This is such an. important topic, Caz, and you’ve done a stellar job covering it. It’s important that we remove the stigma around mental health. So many people fail to reach out for assistance because they’re worried about how it might impact relationships, careers, etc. No one should suffer alone. I always say that if you had pneumonia or a broken leg, you’d go to the doctor. Why wouldn’t you go when your brain is giving you trouble? Thanks for shining a light on such an important subject.

B February 5, 2020 - 4:39 pm

You said the right thing – unhealthy glorification of being busy.
How about chilling for a change?

Been there. Seen it. It’s important to find your crew and share. Know you’re not alone.

Margaret February 5, 2020 - 4:45 pm

Caz this is absolutely dead on. And yes I had kept my anxiety a secret until I was 32 years old, and even then I didn’t tell anyone, my body just shut down. My heart had been beating 150 beats for so long, my body said, enough, done, if it had not I would probably still be hiding it. So, there is an example of managing it without help but I feel eventually you will need help because the body will only take so much. Mine is chemical (after going to 2 different psychologist because the first said it was chemical, not mental, and I thought he was as crazy as I was. Went to a female thinking it was just a men/woman understanding of things. She too said, chemical, not mental) Mine also doesn’t come and go, like “normal” anxiety/panic. You know anxiety attacks come one slowly building, last for an hour or a few, then ease off. Panic comes on quickly, lasts for a short time them goes. I can wake up with 150 beats per minute, and it stays that way for days, weeks, or months if not managed. It is a constant heat pounding, not rational, hard to breath, sweating palm, nauseous, tight chested etc, etc, terrifying ride, that well you have to sit here and deal with it until it is over. I read that most people will have 1 anxiety or panic attack in their life. Some people might end up having 2. The 2nd is usually triggered by fear of having another one. Just imagine, you are so terrified from having that attack that it triggers another. It said that in the study, when the people had that 1 attack they ended up in the hospital, knowing they were dying, and they would avoid the place they were at or the activity they were doing when the attack happened for fear that it might happen again. Yet there are people who live with them every day. Plus these cause other health issues as well that are sometimes not recognized as stemming from the original illness. AND that is just one disease. There are so many more invisible illnesses out there.
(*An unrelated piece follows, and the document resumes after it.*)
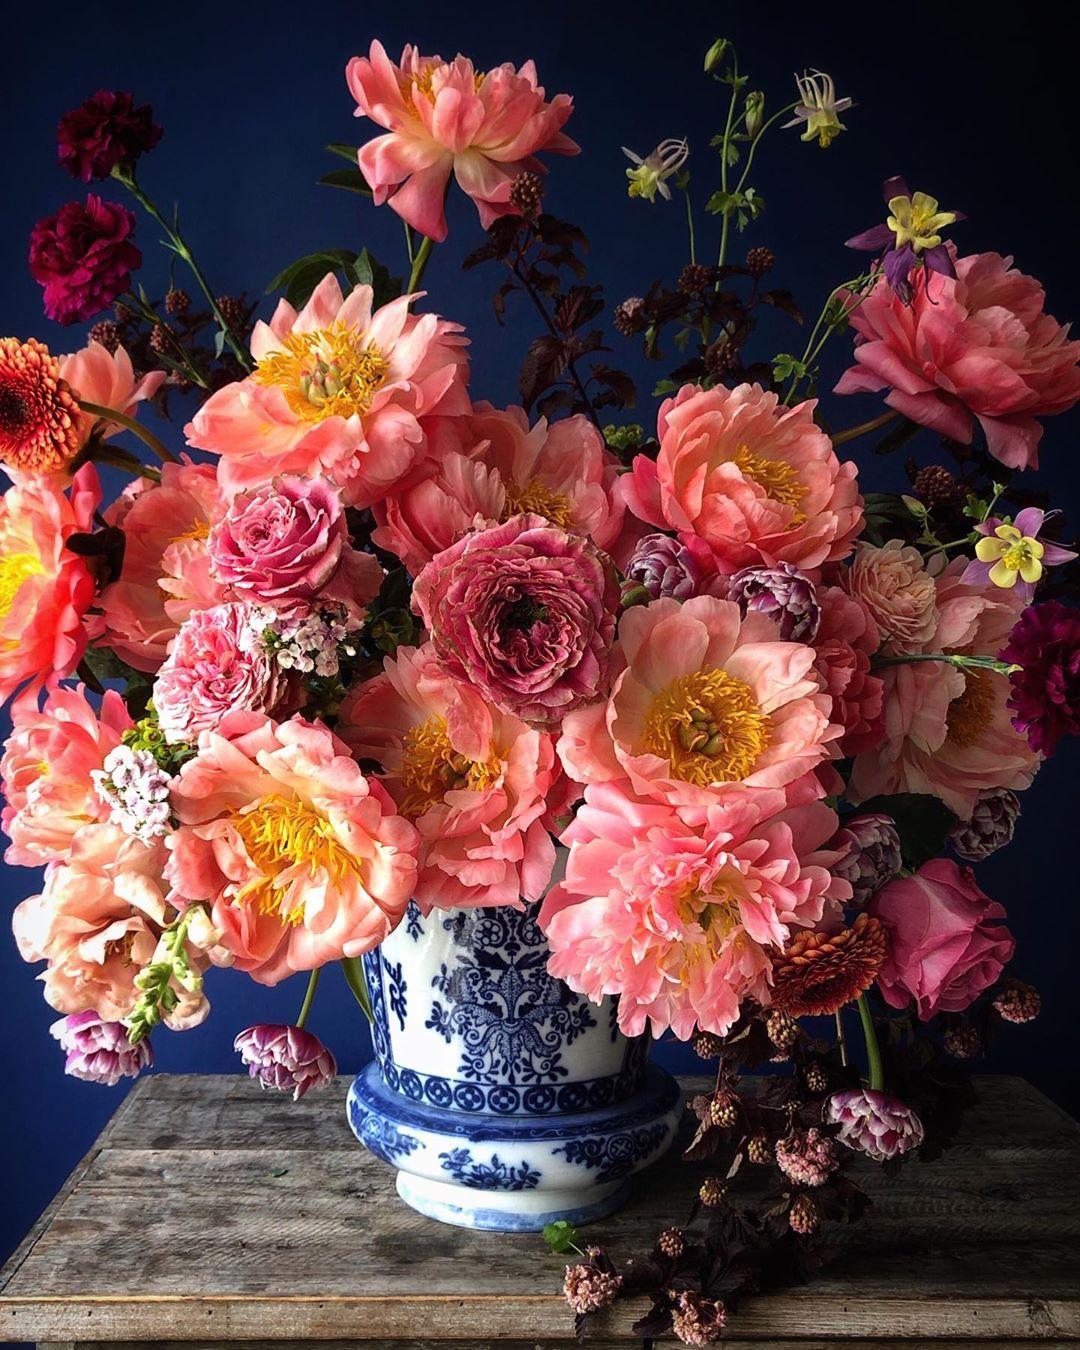 2 628 Likes 45 Comments Natasja Sadi Cakeatelieramsterdam On Instagram Happy S Beautiful Flower Arrangements Fake Flower Arrangements Beautiful Flowers

Sorry didn’t mean to go on and on. 🙂 🙂

Annie February 6, 2020 - 10:35 pm


I hope you have been tested for atrial fibrillation (AF), a cardiac malfunction. 150 beats per minute on a frequent basis sounds like something that could/might be better controlled.

Good luck!
Caz’s friend Annie

InvisiblyMe February 7, 2020 - 4:12 pm

It does sound quite scary to wake up with your heart doing that. My heart does odd things at night and a little in the morning but that’s due to breathing problems I think. I’ve had panic attacks on a few occasions and they never get easier, but reflecting on them can be helpful – as you said with that research showing those who have one then worry about having another – to acknowledge what’s happened, what you can do to manage it and help yourself ‘if’ it were to happen again, and to remember that you’ve survived it, just as you can survive another one should it arise. What you go through Margaret.. I’m so sorry. And you make an excellent point about the chemical aspect (my anxiety, rather than panic-attacks per se) is chemical, not to do with my thoughts and not something a round of CBT is ever going to resolve. Thank you for sharing your thoughts and experience  ♥ xx

Margaret February 11, 2020 - 6:51 pm

Caz it’s people like yourself, and post like this that help people the most. One of the biggest problems is that people think it’s them, everybody deals with this, and that they should suck it up. Be stronger, etc. Your post helps people see that it isn’t just them. That others go through these things. That they aren’t crazy. It encourages, and gives people the courage to talk about it. To speak up. To seek help. AND that they can make it. You are correct about CBT. It is useful, and will help someone who has been through traumas that trigger these physical symptoms but for people where it is chemical, it doesn’t help. It could help deal with some of the effects but won’t get rid of the attack. When I was younger, I really thought I had a heart issue, and that I was just going to drop dead one day. I felt crazy, and feared if I let anyone know what was happening inside that I’d be locked away in a padded room somewhere. Of course, that is part of the diagnosis of “anxiety” disorders(or at least it was decades ago when they figured out what was wrong with me) There was a list of symptoms, and tucked in between dizziness and nausea was “fear of or feeling a need to be locked away” It was comforting because then I knew that the “crazy and fear of being locked away” I was feeling was normal but then my second thought was how are they going from this list of headaches, rapid heart beat, sweaty palms, dizziness, fear of being or feeling a need to be locked away, nausea, vertigo….they just tucked it in there like it was no big deal haha 🙂

Margaret February 11, 2020 - 6:06 pm

Hey Annie,

Sorry for the slow reply but I just saw this. Yes they checked for that as well as a slew of other tests. It was weeks of this and that test. I learned a lot about health issues I had no idea about. The strangest to me was low blood pressure. It will mimic anxiety attacks too. Who knew. It has been like this since I was a child. I have learned ways to manage it without having to take the medications until it gets past the point of rational and I feel like I am having a heart attack. Not to make light of it because the docs say it is the worst they have seen but it can be dealt with. I am 52 years old now so it is pretty much a part of my life. I appreciate your suggestion 🙂


Annie February 6, 2020 - 10:47 pm


You do this so well—and it’s so important. Years ago, I worked as a freelancer writer for our county mental health system, and I was frequently writing about how damaging the stigma is in preventing people from seeking and getting the health care they need.
The stigma has lessened, but unfortunately, it’s still with us. In the US, where we have an epidemic of gun violence, people are quick to say the shooter was mentally ill, when people with mental illness are significantly more likely to be the victims than the perpetrators.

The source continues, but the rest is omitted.